I've done this solo flight enough times now that I have a routine after clearing customs: Get money, get breakfast, get coffee, get my butt on the Piccadilly line to the center of London.

We're staying in Mayfair, in a swanky hotel for about half price, near the southeast corner of Hyde Park. It's push-button everything up in here, including opening the curtains and the blinds.

First things first, though, before unpacking and showering. The Christmas tree must go up.


Next was a pub lunch, of course, because I need a jacket potato with cheese and beans at least once if I'm in England.

After that, we headed towards Oxford Street so that I could swap my old UK phone -- a cracked-screen iPhone 4s -- for a newer old iPhone -- a 5s in good shape. This meant I was carrying three iPhones in my carry-on bag at the airport, and the same three in my jacket all day. Now the 4s is e-waste, the 5s is my UK phone, and the 6 (my US phone) can stay in the hotel room. Jack did the same thing when he got to London three weeks ago. There are six iPhones, two laptops, an e-reader, an iPod, and a bluetooth speaker in this room. And a camera. A digital camera.

With which I took pictures as we wandered around Mayfair.

There are no tacky Santa ornaments for sale in Mayfair. There are no ornaments for sale anywhere in Mayfair, as far as I can tell. Upscale clothing, upscale shoes, Swiss watches, sure. Mayfair is what Princeton's Nassau Street wishes it was.

Berkeley Square:

Hedonism Wines:


Jack said that this was the wine-porniest shop he'd ever been in. Here he is in a special room dedicated solely to white Burgundies.





Here, Sauternes are organized by age. As the wine gets older, it turns from yellow to orange:



In a back corner, the far end of a sculpture moves every now and then, swinging a bottle of wine or twisting a branch:




A 27-liter bottle of wine is called a "goliath."


We were about to leave when Jack saw the Enomatic machines and had to buy a sampler card worth two tires and a bottom bracket. I'm keeping track. When he gets to a bike's worth of wine sampling, I get to pretend I'm going to buy a vintage, lugged, Colnago frame on eBay.

Sunset is at 4:00. The lights were just coming on on Oxford Street. The entire two exposed sides of this department store are covered in white lights:


New Bond Street at Oxford Street:



Farther along on Bond Street (where the name changes to Old Bond Street):




Burlington Arcade, where each light is a flower and the gemstones in the windows are worth more than my house:


Fortnum and Mason, Piccadilly Street:



A Piccadilly cross street:


We returned to New Bond Street on our way back to the hotel:





Albemarle Street:


Winding our way back to Piccadilly:


Near Curzon Street, around the corner from our hotel:


Within a few minutes' walk from the hotel is a neighborhood full of Middle Eastern restaurants. I ate too much and I loved every minute of it. We walked it off by heading to Hyde Park to look at the carnival lights:


We had walked through this carnival last year, during the day, when not all of the rides were running.
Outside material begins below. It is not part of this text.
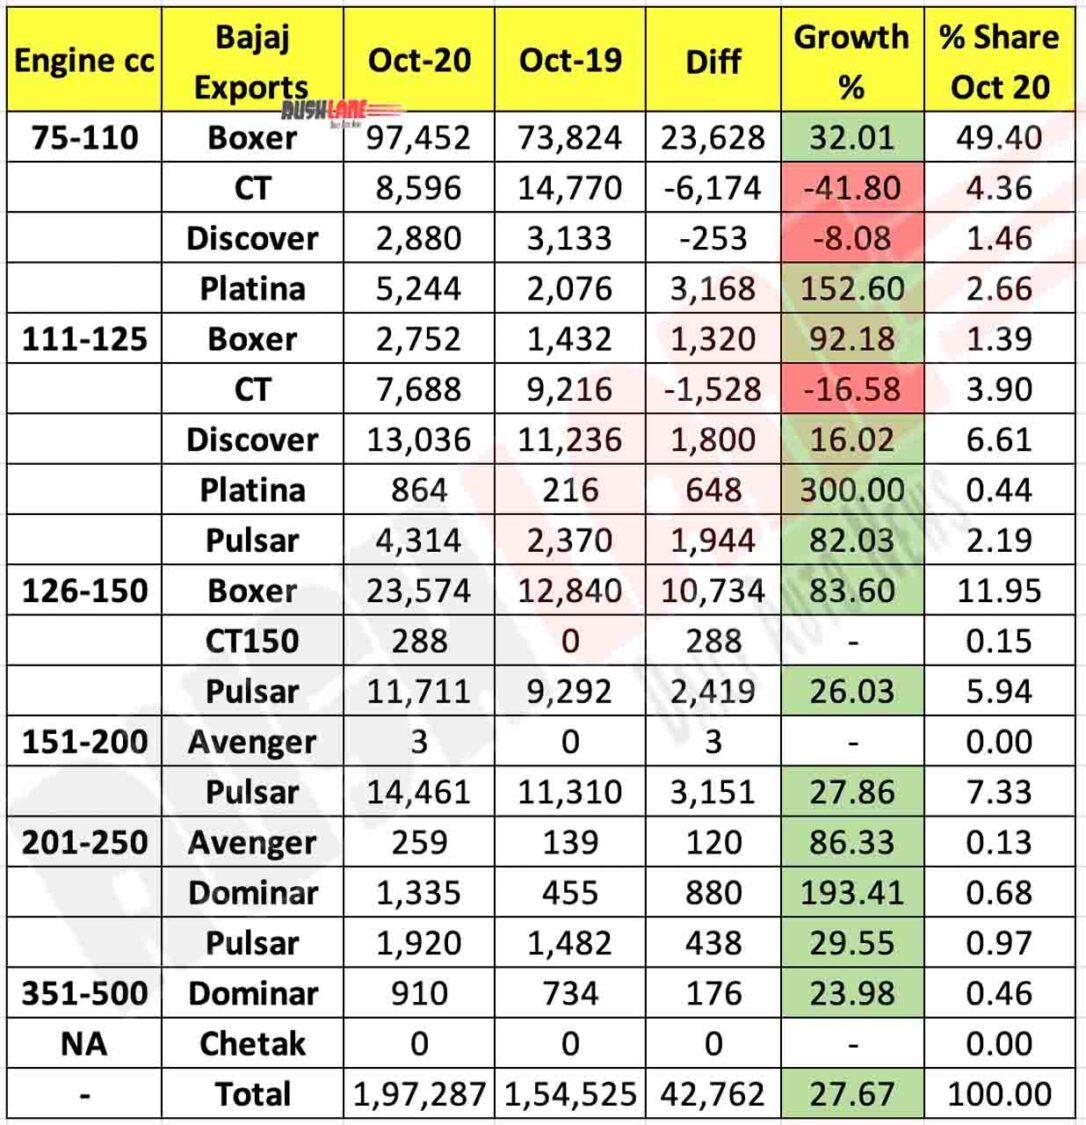 Bajaj Exports Oct 2020

I clearly don't know how to take pictures of moving objects in the dark. From a quarter mile away we could hear the screaming and the rumbling and smell fried dough.
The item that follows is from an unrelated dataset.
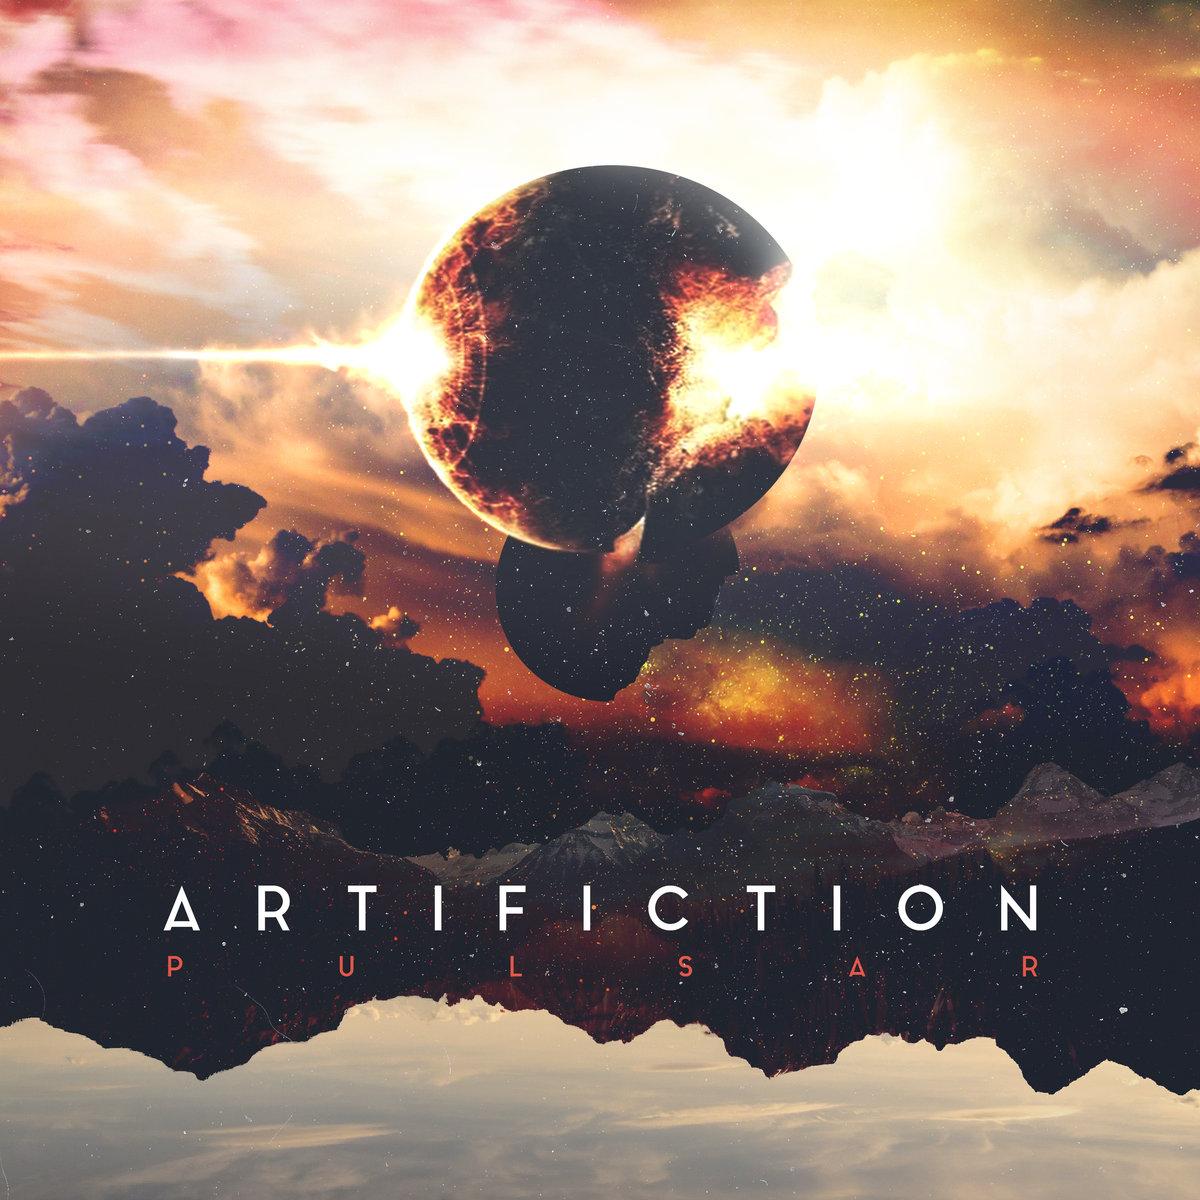 Artifiction - Pulsar [EP] (2018)

Jack complained about sensory overload. The moon shone through a thin veil of clouds and branches. We walked back to the hotel.




2 comments:

Mirage said...

Neat trip! Very classy. The airport and flight part are never much fun, but it sounds like your stay in Mayfair made up for that! Have a great time, and happy new year.

Unknown said...

What a great post, Laura. Thanks so much for sharing that. Have a greater time and be safe / safe return.